=== GIVEN RECORDS ===
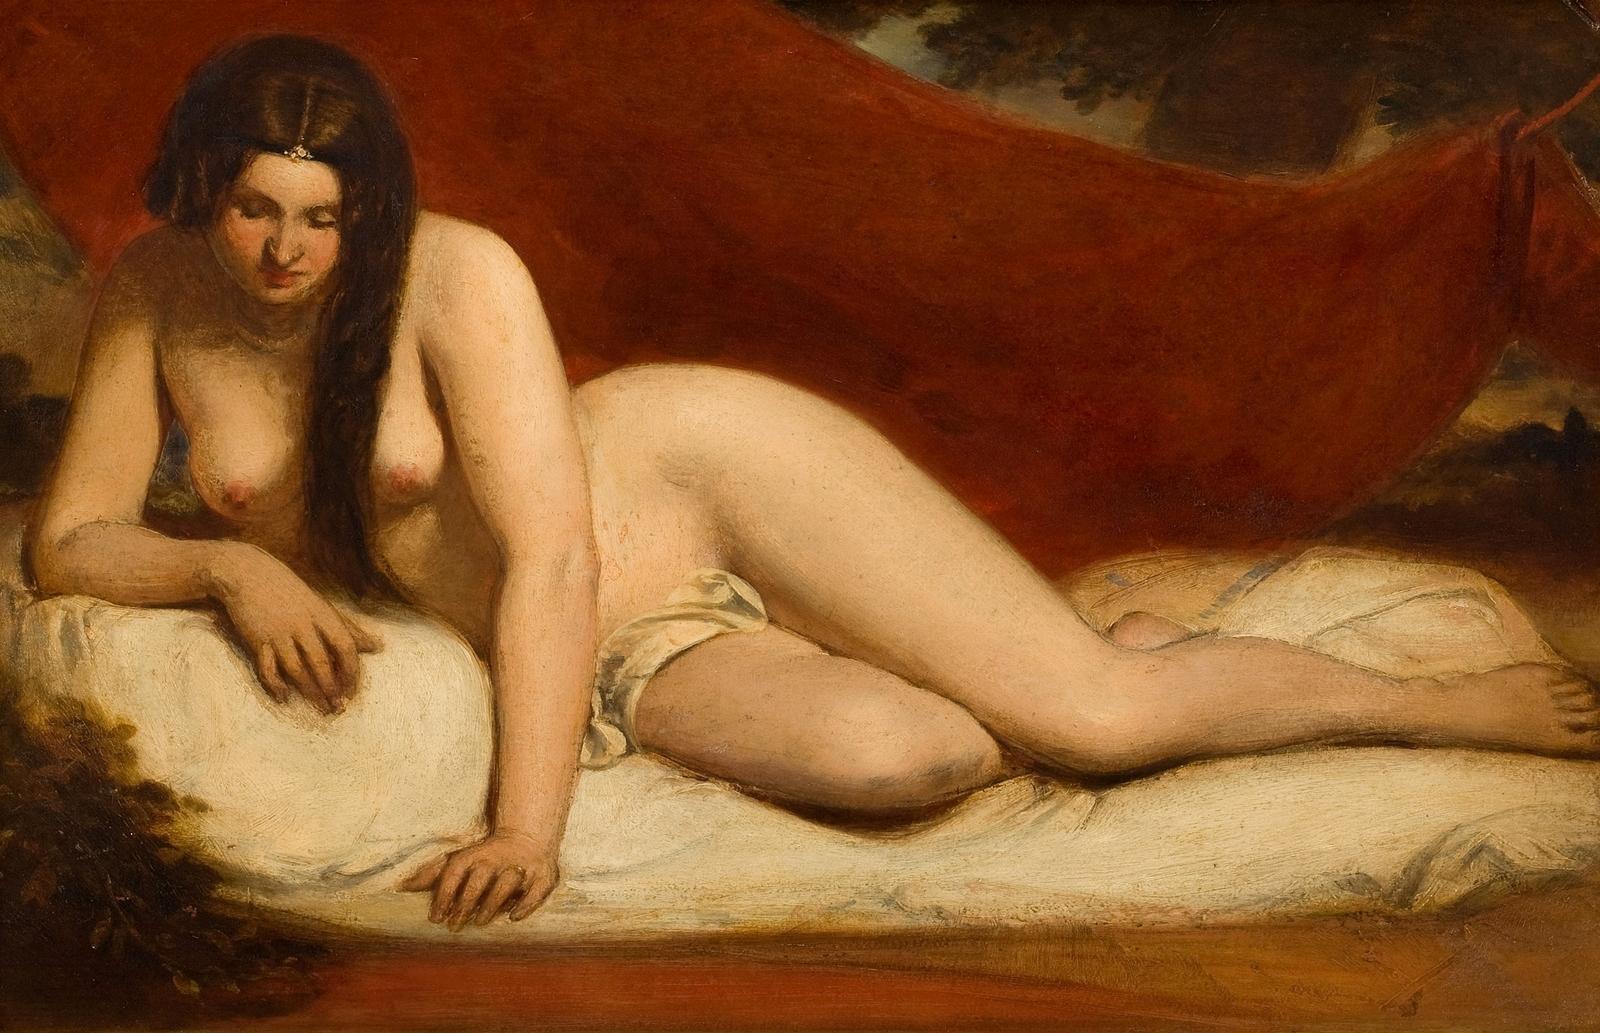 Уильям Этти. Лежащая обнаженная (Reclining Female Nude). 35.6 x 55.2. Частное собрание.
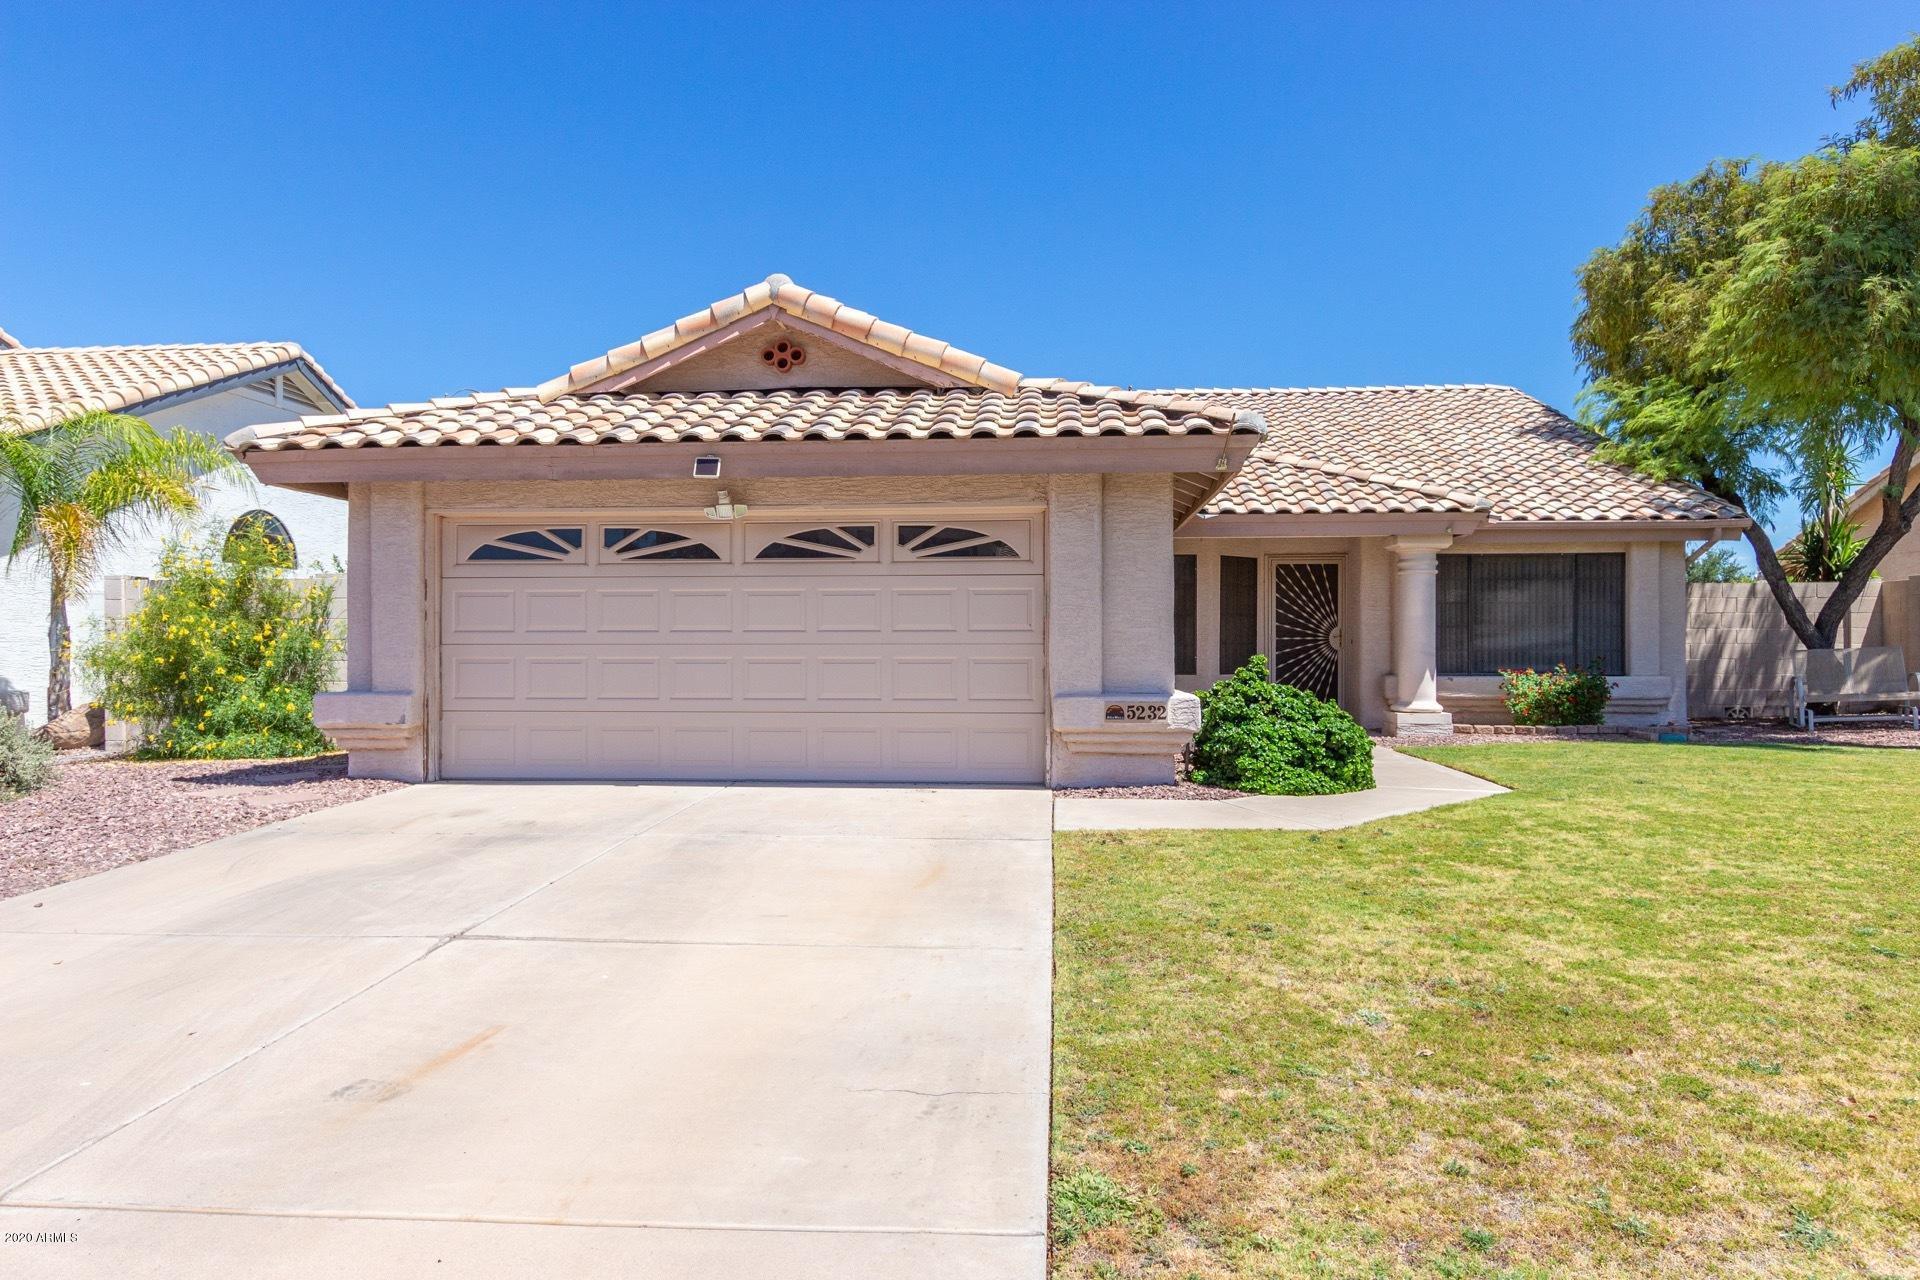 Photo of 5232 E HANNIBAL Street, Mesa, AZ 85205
===
=== GIVEN RECORDS ===
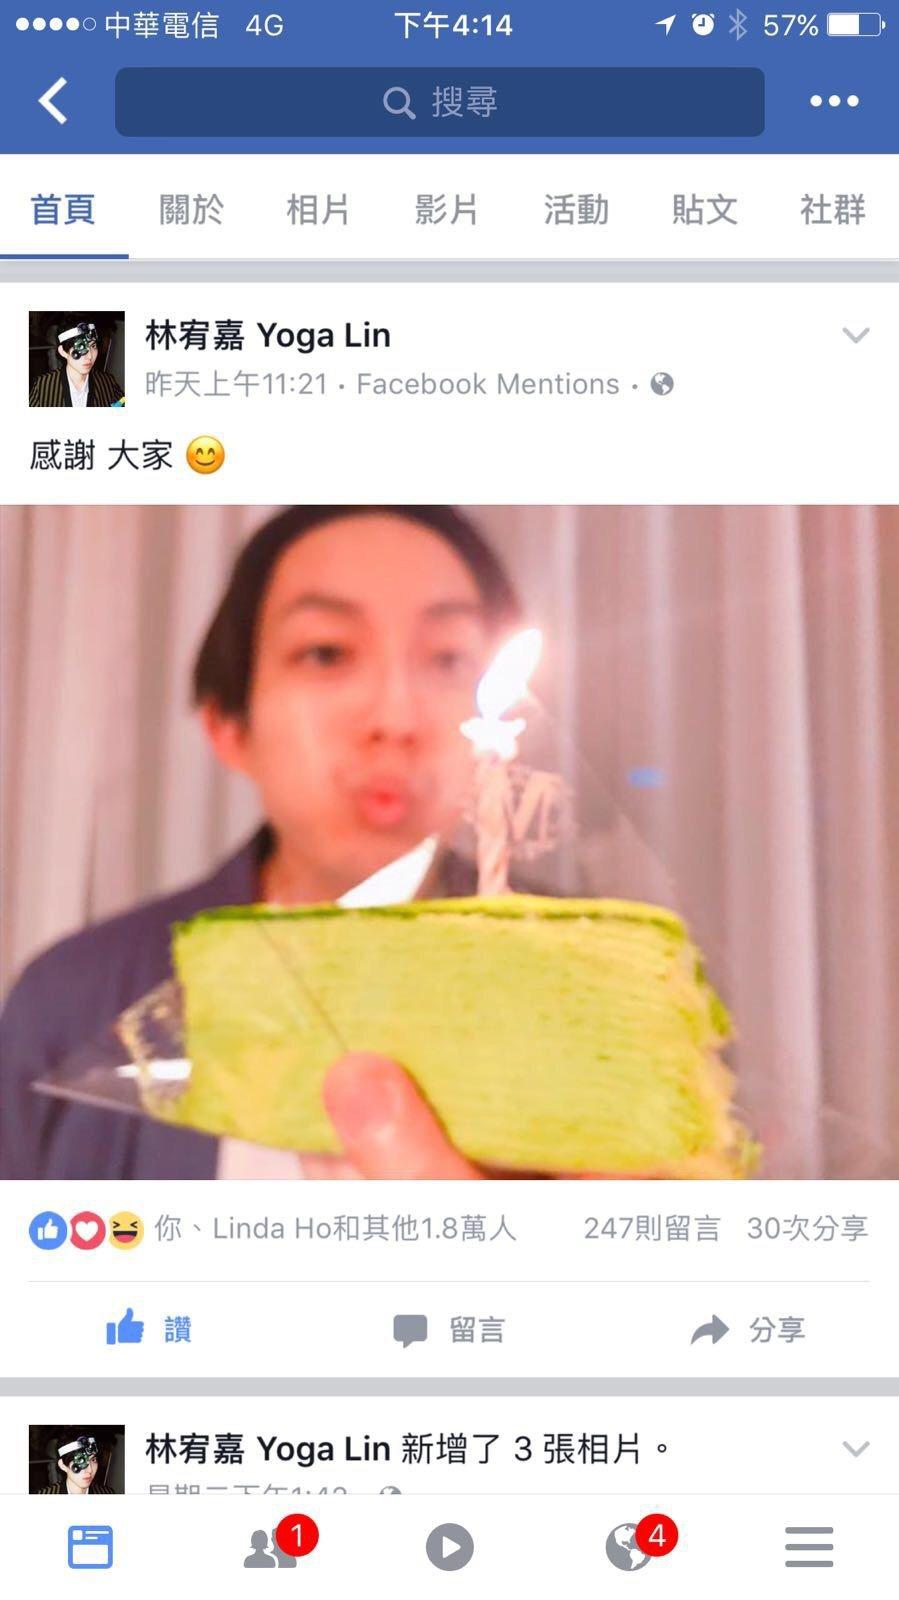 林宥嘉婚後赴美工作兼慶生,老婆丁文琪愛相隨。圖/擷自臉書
===
=== GIVEN RECORDS ===
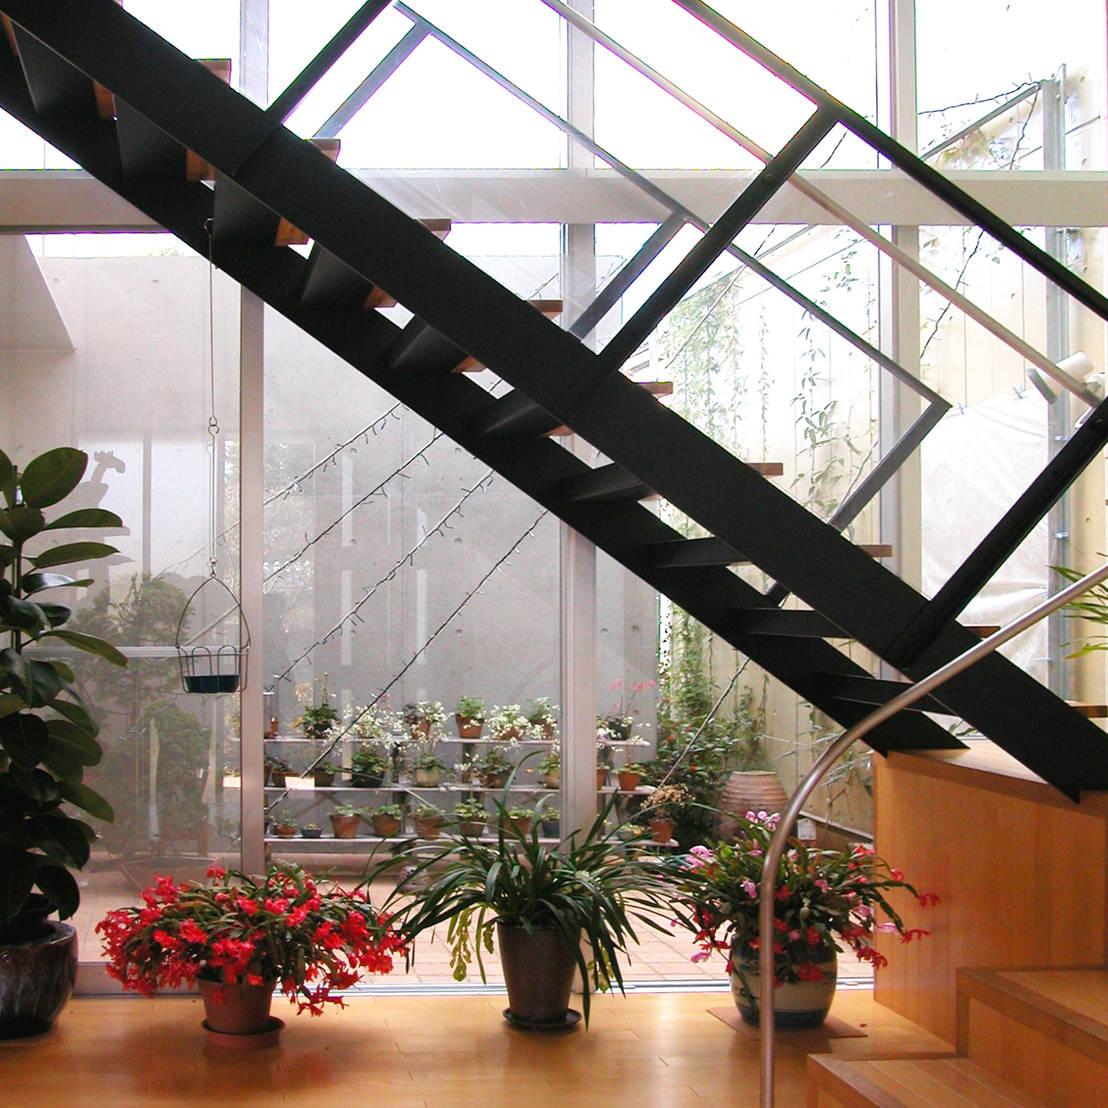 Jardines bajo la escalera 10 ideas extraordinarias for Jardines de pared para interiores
===
**WORK ITEM:**
Above are some records; extract exactly the lines from the one containing "Уильям Этти. Лежащая" through the one containing "Photo of 5232" and drop the pictures.

**ANSWER FOR THIS EXERCISE:**
 Уильям Этти. Лежащая обнаженная (Reclining Female Nude). 35.6 x 55.2. Частное собрание.
 Photo of 5232 E HANNIBAL Street, Mesa, AZ 85205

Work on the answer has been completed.